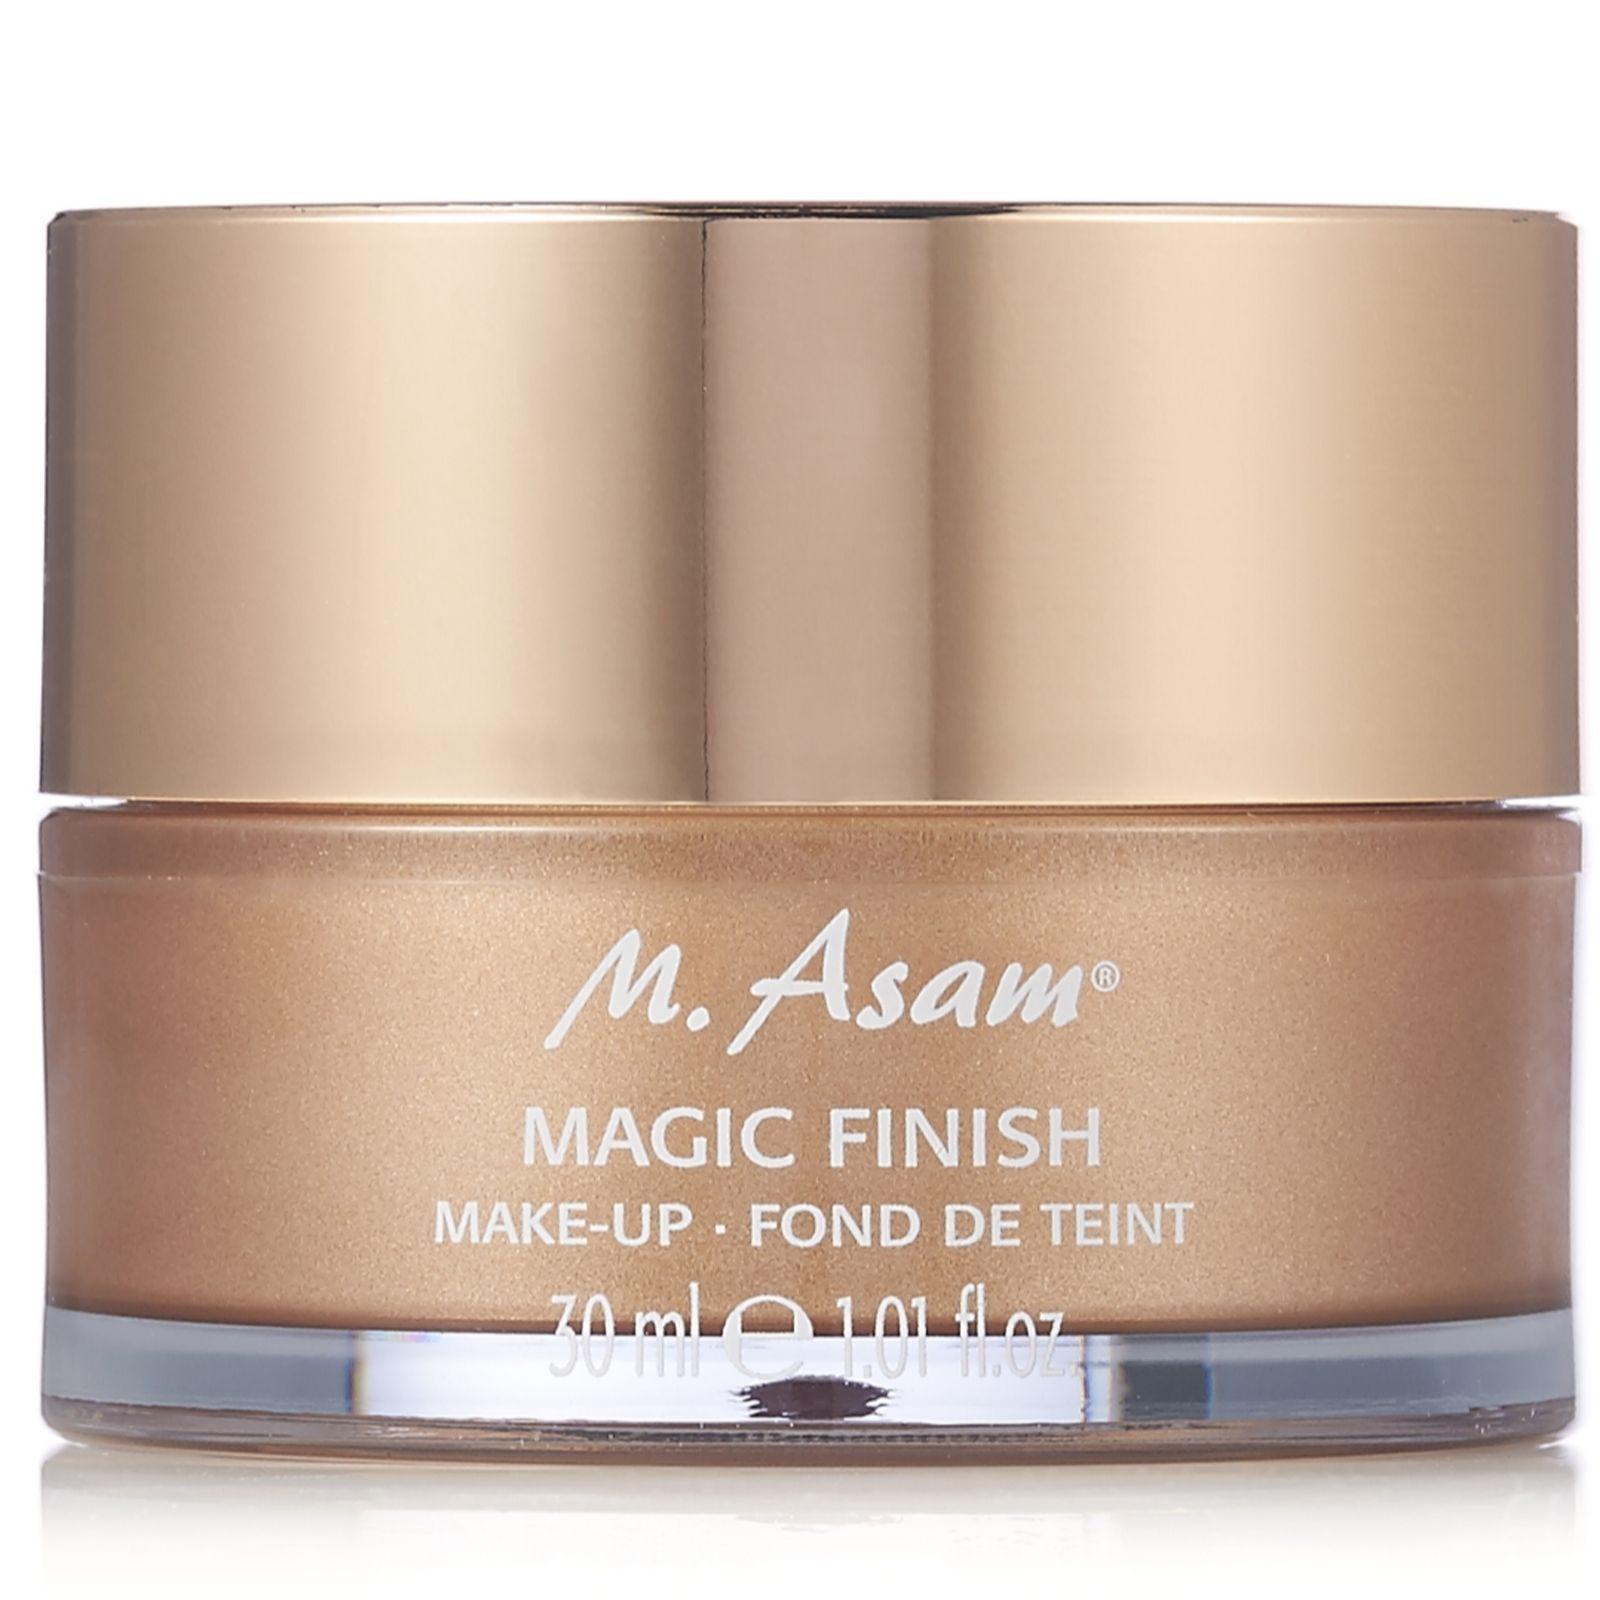 M. Asam Magic Finish Makeup Mousse 30ml QVC UK Makeup
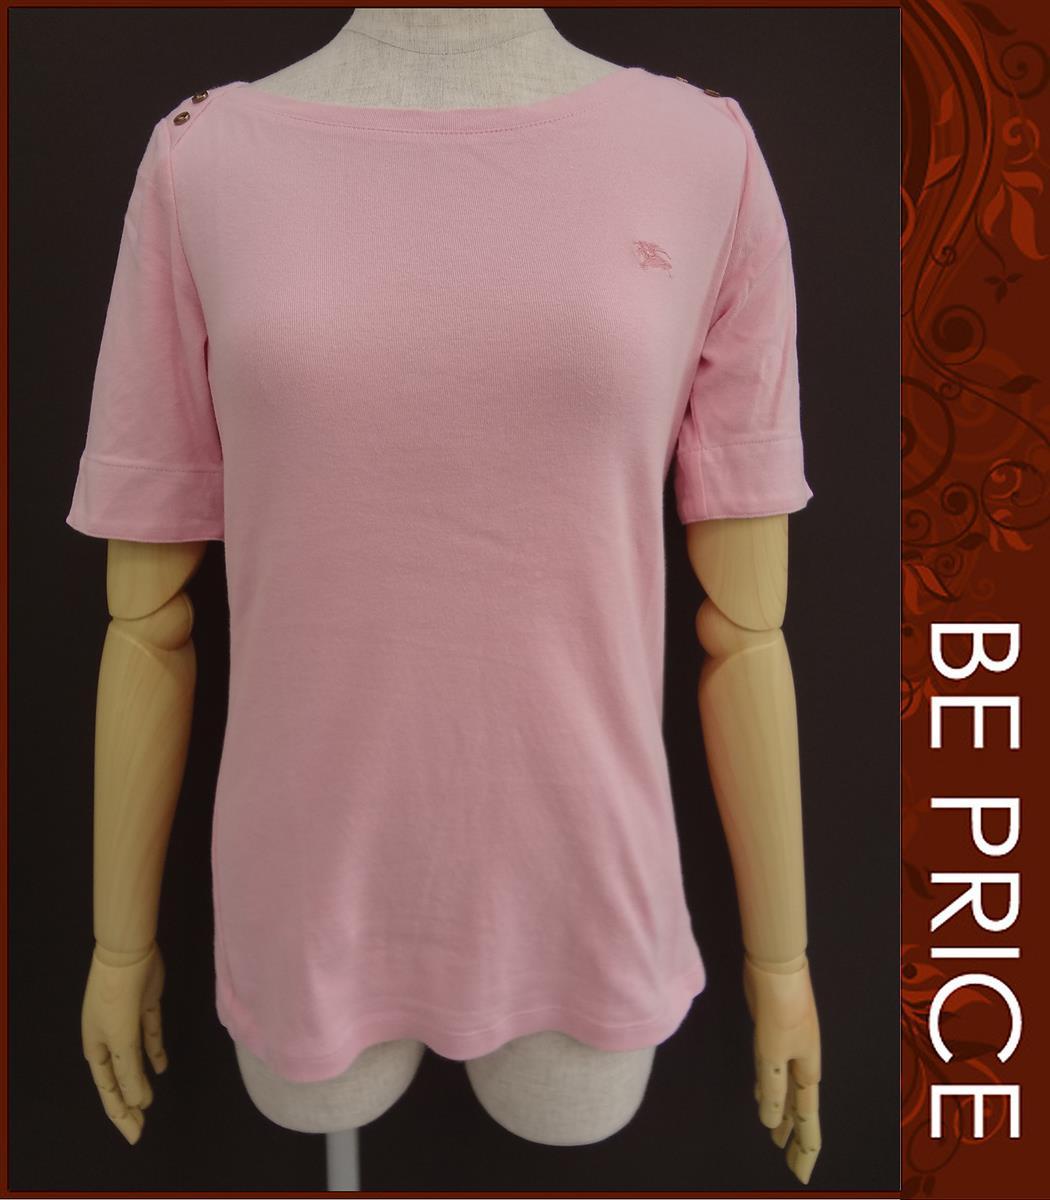 バーバリーブルーレーベル Tシャツ カットソー 半袖トップス カットソー ピンク
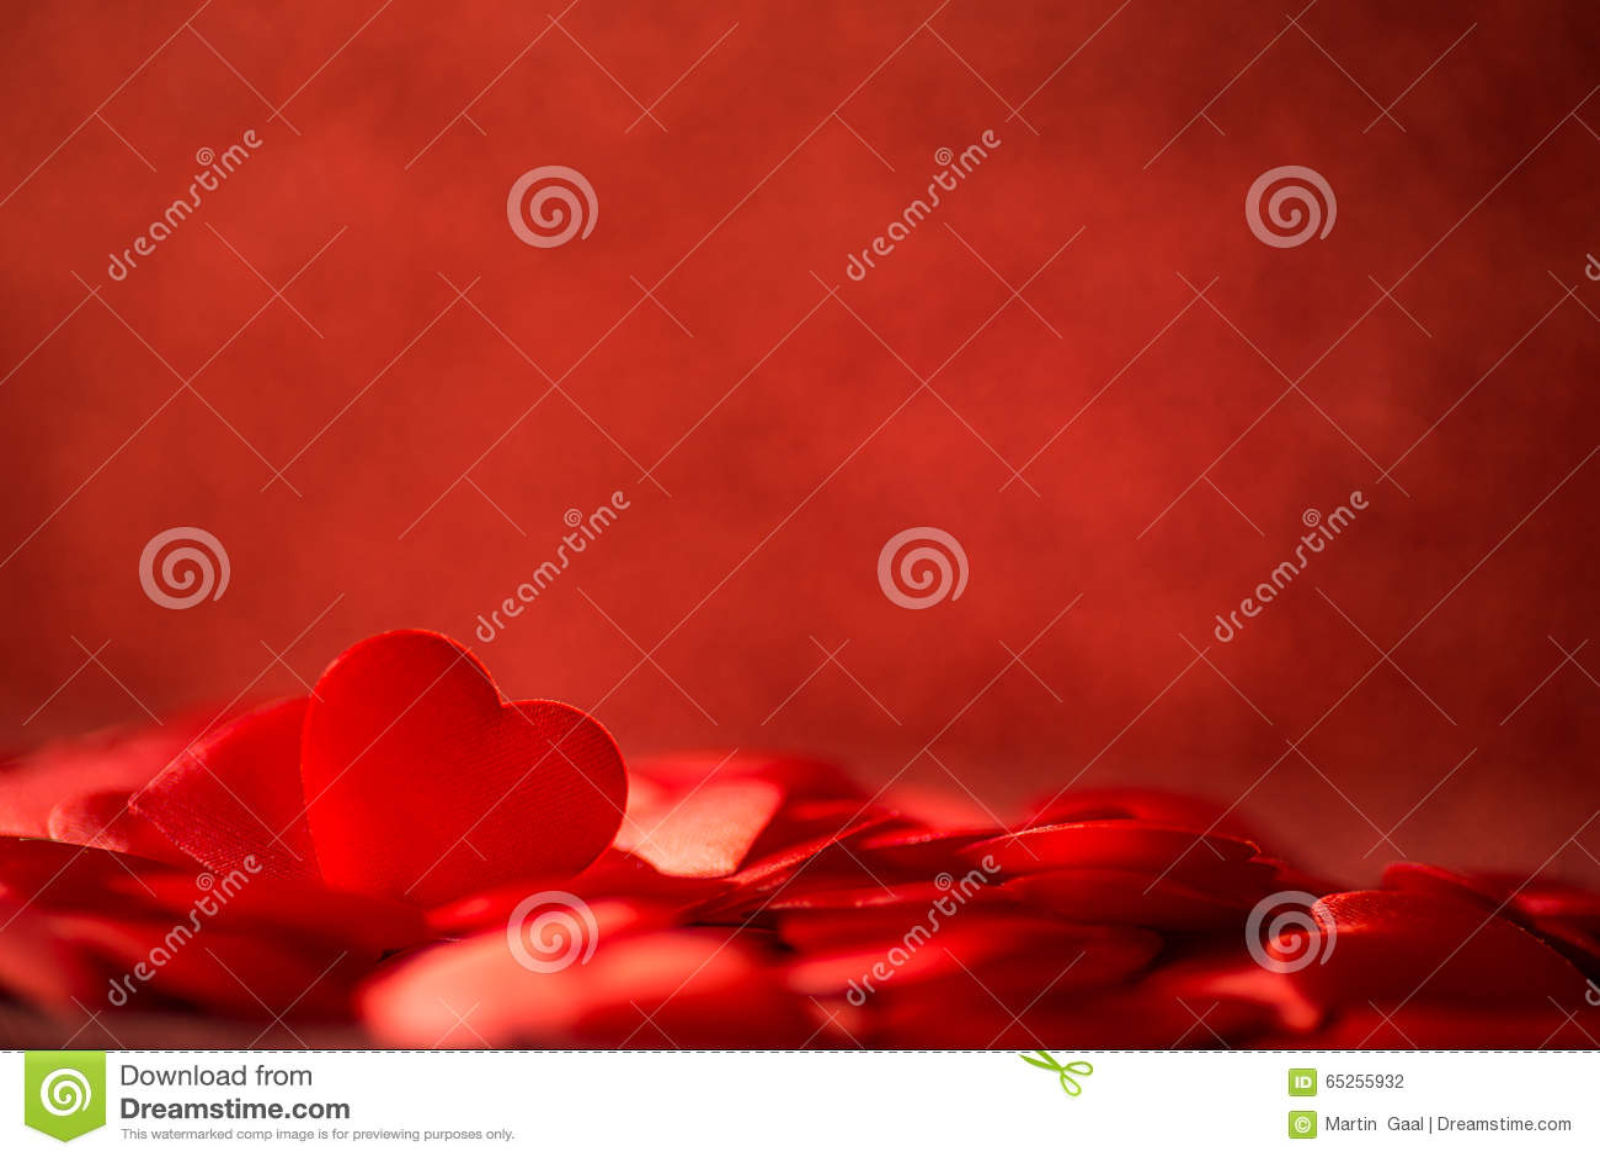 Δύο κόκκινες καρδιές σατέν στο κόκκινο υπόβαθρο ημέρας υποβάθρου, βαλεντίνων ή μητέρων, αγαπούν

EXERCISE DETAILS: Give the data above again exactly. Leave the pictures out.

RESULT:
 M. Asam Magic Finish Makeup Mousse 30ml QVC UK Makeup
 バーバリーブルーレーベル Tシャツ カットソー 半袖トップス カットソー ピンク
 Δύο κόκκινες καρδιές σατέν στο κόκκινο υπόβαθρο ημέρας υποβάθρου, βαλεντίνων ή μητέρων, αγαπούν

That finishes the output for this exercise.